Fundraising conferences want the best speakers, the latest and most topical content, real case studies, insightful commentary, sharing results. Right?
If you answered yes to that question then why the hell do we care about whether the person facilitating the session works directly for a charity, or works indirectly for a charity (consultant/agency)?
Quite frankly we shouldn't and we need to stop our obsession with this.
My colleague Sean Triner wrote a piece earlier this week about the same issue. I won't steal his thunder too much, check out what he has to say.
I was speaking to a colleague a little while back who told me about a certain conference that had a mandate to have a certain % of their speakers (in fact almost exclusively) from charities.

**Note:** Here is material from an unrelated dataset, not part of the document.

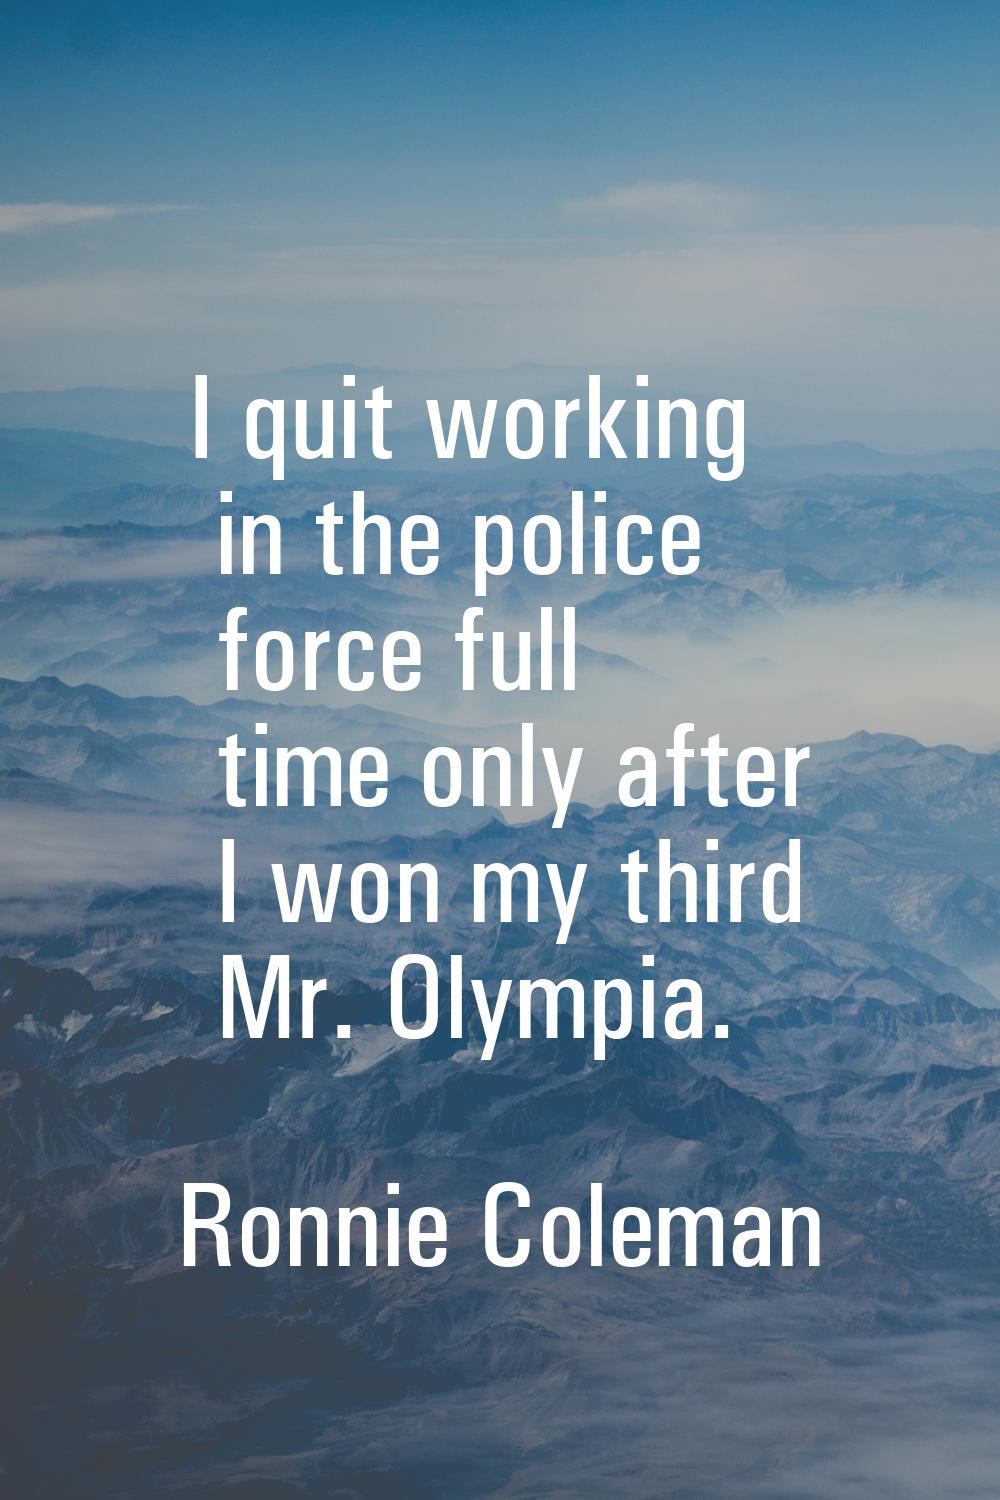 I quit working in the police force full time only after I won my third Mr. Olympia.
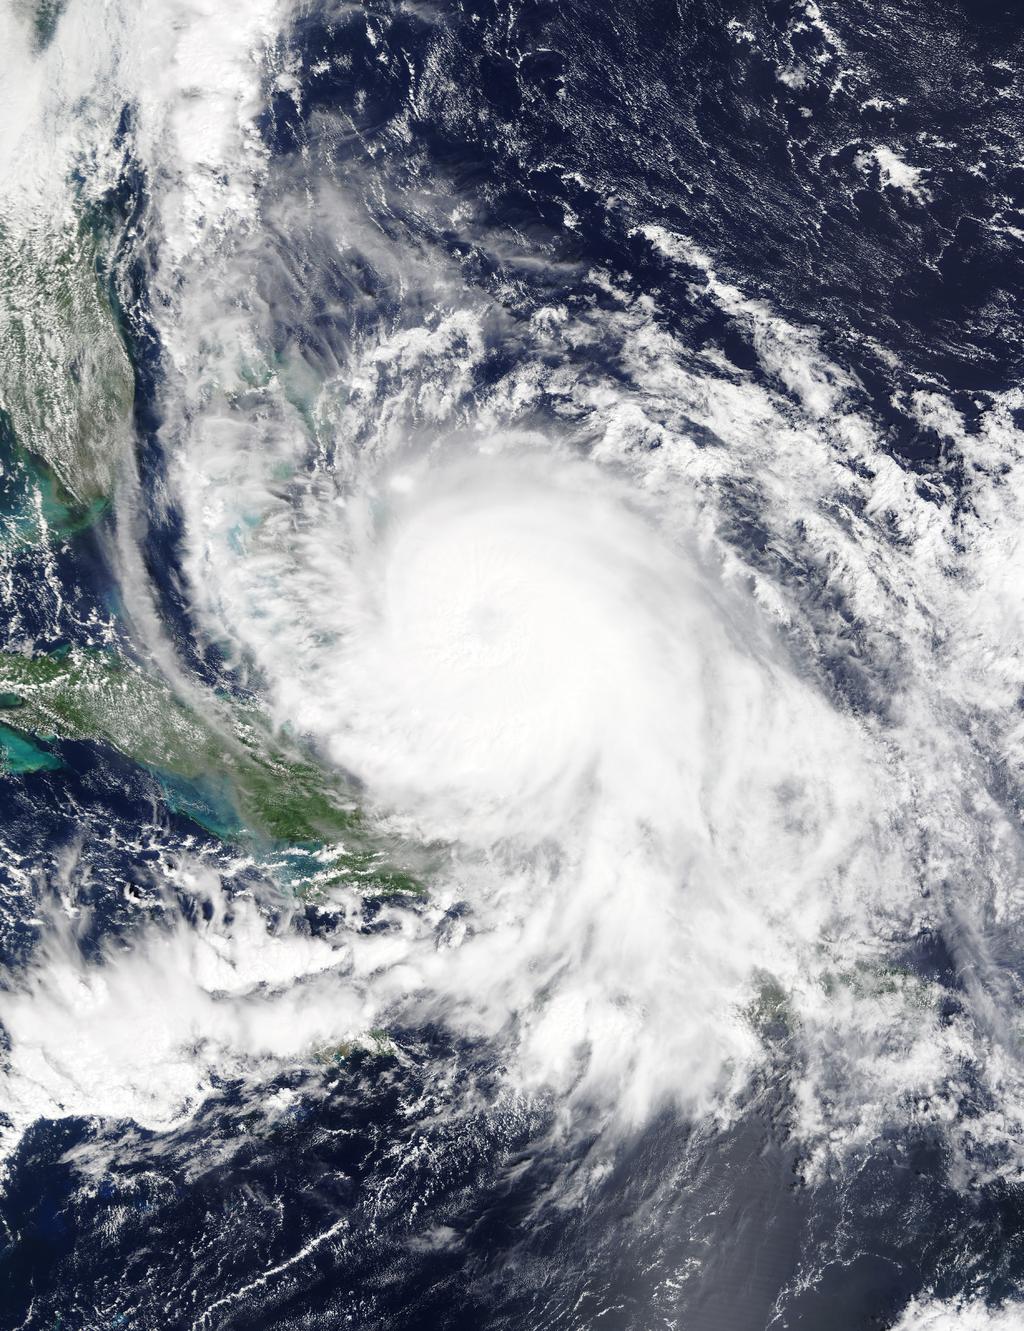 The AIR Tropical Cyclone Model for the Carribean In October 212, Hurricane Sandy wreaked havoc across Jamaica, Cuba, and the Bahamas.

This doesn't help anyone. Least of all the delegates. As I mentioned in the first line of this blog, surely we want the best, of everything? If we agree that's the case then it's irrelevant which organization the person at the front of the room is paid by.
Of course consultants have a vested interest in speaking. Noone will deny that. But again, if they present loads of really useful, practical case studies, share results and provide tons of brilliant ideas then that's the point. If they don't, then they don't get invited back. Simple. Same goes for charity folks.
I've been fortunate recently to help out the gang at AFP as part of the education committee for Congress 2010. By the way it's shaping up to be a terrific event.
As part of the education committee we're looking for the best of the best. From locally here in Ontario, throughout Canada and from around the world.
It's not a debate about 'charity v consultant'. Hence why Congress is one the leading fundraising get together's in the world.
Check out Sean's article as he looks in depth at the inherent problems with our obsession with consultants speaking.
But please. Please stop complaining about this. Put your hand up and contribute at conferences and understand the reasons why focusing on the best is more critical than focusing on charity speakers.